Сегодня я проснулся от металлического писка над ухом.
Думал поначалу - будильник. Высунул руку в поисках железного агрегата, поводил ей по полу, как кто-то тихо, но настойчиво прошептал, что его у меня нет. Будильника.
Задумался, согласился. Открывать глаза категорически не хотелось - всегда хочется как можно дольше балансировать на этой тонкой гранью между сном и реальностью, каким бы сон ни был. И какова бы ни была реальность.
Только потом дошло осознание того, что дома, кроме меня, никого нет.
Открыл глаза.
Он стоял рядом, улыбался. Черные глаза. Черные волосы, обрамляющие восковое, анемичное, без капли крови лицо.
Я помнил его.
Нау - так звали моего личного демона - не появлялся у меня с год. Примерно год назад он сидел рядом, все так же отчаянно скалясь, без признака краски на лице, белая моль, серая кожа, отсутствие цвета на волосах. Иногда белый - всего лишь полное отсутствие цвета.
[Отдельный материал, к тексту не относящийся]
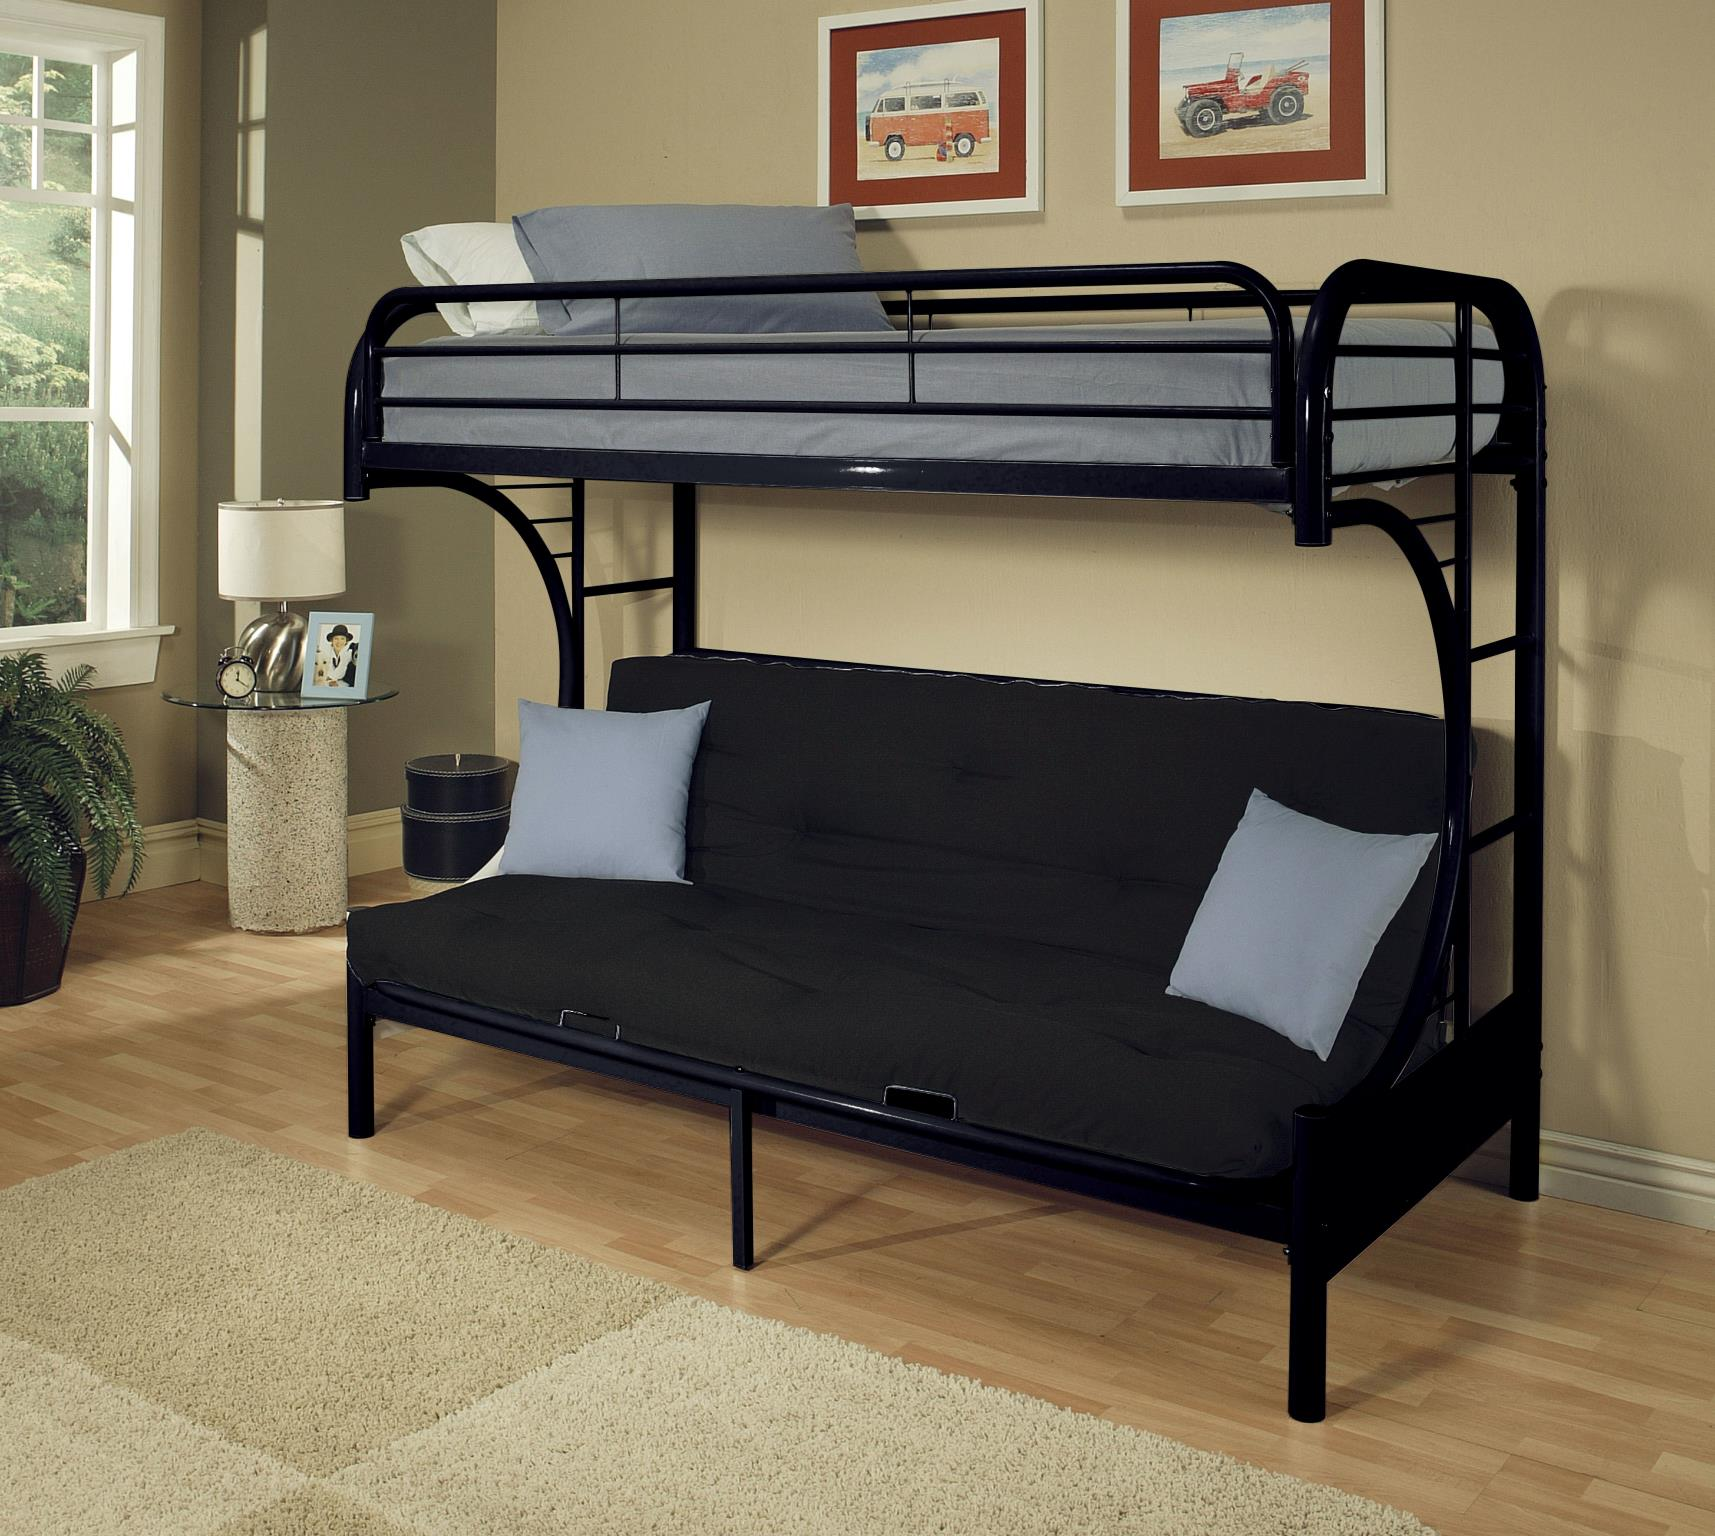 Black Twin XL/Queen Futon Bunk Bed

Сейчас он был другим. Волосы, теперь черные, доставали до лопаток. Они уже не выглядели ломкими и безжизненными - казалось, кто-то магическим усилием вдохнул в них силу. Во всем теле появилась грация - если раньше это был скелет, обтянутый кожей, без намека на пластику, то сейчас передо мной стоял очаровательный парень.
Да он даже неестественно худым перестал быть, черт побери!
Сейчас я мог назвать его красивым.
Я не помню, что я сказал ему тогда. Он сообщил, что больше не будет использовать имя, которое взял себе - Нау. Мне тогда, помнится, показалось диким - не будет? Как? Это имя прочно засело в моем мозгу и стало неотъемлемой частью моего сознания. Ре-эго. Сейчас он улыбался. Улыбался. Говорил, что имя больше не его. Что он стал другим.
С тех пор, как он позвал меня в свой мир, жизнь замерла. Остановилось все. Даже тиканье часов на стене - и то стихло. Только абсолютный холод по всем венам. Невесомость, и километры под ногами. И в этом эфемерном мире ты - никто. Тебя нет. Как нет всего того, что окружало тебя прежде. Один холод... да бесконечный белый, белый, белый туман.
И его не было рядом. Я думал, когда я за ним пойду, он будет со мной, но в этом и есть суть его мира. Одиночество и потерянность.
В его мире невозможно быть не то что счастливым... даже не одиноким быть нельзя.
Несмотря на это, я негодовал.
- Где ты был все это время, скажи на милость? Так-то ты принимаешь гостей?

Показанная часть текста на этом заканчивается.